When the client wants x product by a certain date, do you split it up into sprints and have the client pay for each iteration piecemeal as milestones?
Shouldn't you be finding a way to give them “x product by a certain date”? Managing how that happens is your job as the freelancer. If you decide to employ and Agile strategy to plan out your own work that's only fine if the client gets “x product by a certain date”.
I will show you what that conversation might feel like from your client's perspective if you're bothering them with agile details when they thought they had paid you to worry about the details of how it gets done.
Scene opens to a pizza restaurant, a hungry customer comes in to order a pizza and speaks to the worker behind the counter:
Customer: Hi, I'd like to order a large pepperoni pizza please. I am so hungry I couldn't even make it home to eat!
Worker: Well you're in the right place! Here at Petey's Pizza we practice a kitchen methodology called 'FRAGILE' and it's guaranteed to help reduce kitchen mistakes and produce good food of consistent quality!
Customer: Well that sounds great, how long until it's ready?
Worker: Well see, we don't think about a pizza as one big recipe, we like to think about a pizza as a series of steps. This means that we can use your customer feedback to shape how this pizza turns out at any stage during the process…
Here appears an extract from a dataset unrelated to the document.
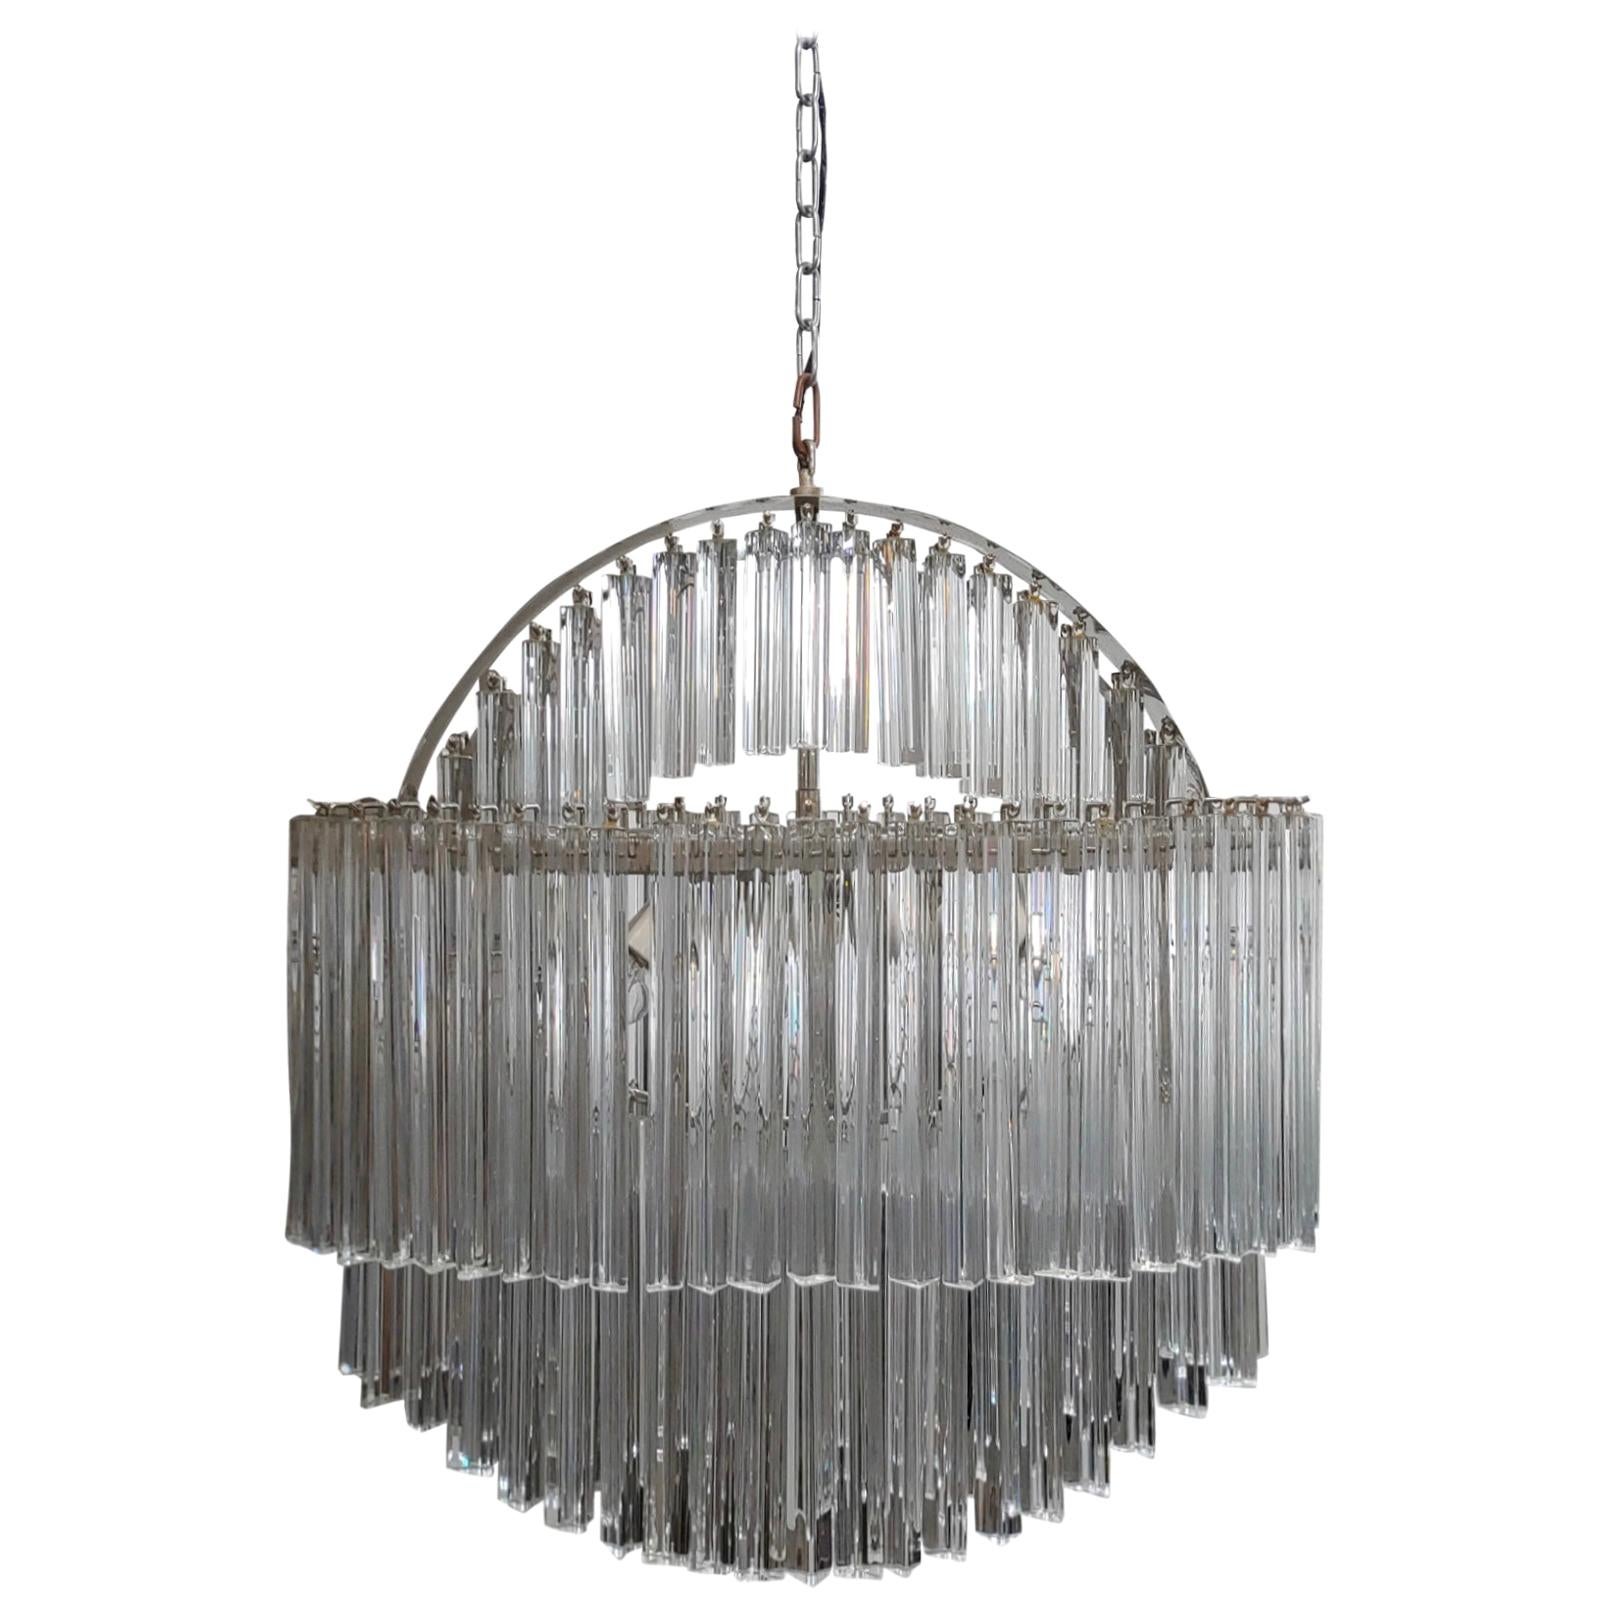 1970s Mid-Century Modern Camer Murano Glass Sculpture Chandelier For Sale

Customer: Okay, I just want whatever a 'regular' pepperoni pizza is…you know? Just do it like you would normally do it, and let me know when it's ready OK?
Customer, satisfied that the pizza is now being prepared, sits down and begins reading.
Worker: Excuse me, I've prepared a list of the various ingredients we'll be using in the dough and I've written these here with the prices per ingredient right beside the amounts. Before I move ahead with this next phase, can you please sign off on these ingredients, amounts, and prices? Do these look okay to you? I want to make this as easy for you as possible but I can't really begin making the dough until I have that approval to go ahead into the next phase.
Customer is slightly annoyed at being interrupted, blindly approves all ingredients, amounts, and prices, and returns to reading and waiting. Minutes pass…
Worker: Excuse me, I'm just about to start topping the pizza, but before I continue I just want your feedback on the dough. Does this look right to you?
Customer: I don't know what looks right, you're the professional aren't you? Why are you asking me the customer? I only know what it should look like when it's ready to eat. How long until it's ready for me to eat?
Worker: Oh don't worry, these steps are more of a formality than anything, you don't need to worry about this pizza's overall completion timeline. Look, I've already moved from the 'making the dough' phase into the 'topping' phase, we'll be in the next phase before you know it!
Customer: Okay, just please let me know when it's done.
Some time passes, pizzas enter the oven, and pizzas leave the oven, but none of them are the large pepperoni the customer is waiting for.
Worker: I'm so sorry, this pizza is taking more cheese than I originally anticipated, we need to revisit the ingredient list again and make some changes to the amounts. Let me draw up a new list of ingredients, amounts, and prices for you so we can still get the pizza to you on time…
Customer annoyed at being interrupted from their reading again, answers.
Customer: Look, I'm so hungry right now—just add whatever cheese you need to make a normal pizza!
Worker: Don't worry, this FRAGILE methodology is proven to produce the highest quality results on-time, nearly every time™. It's rarely failed, and when it does it's always the kitchen's fault, not the methodology. Just be patient and everything will be OK.
More time passes, and the pizza has still not gone into the oven
Customer: How's that pizza coming along?
Worker notices problems with the dough from the first few pizza prototypes they baked and realizes they simply need to take the project back to the 'make the dough' phase. Customer dies of hunger waiting for pizza.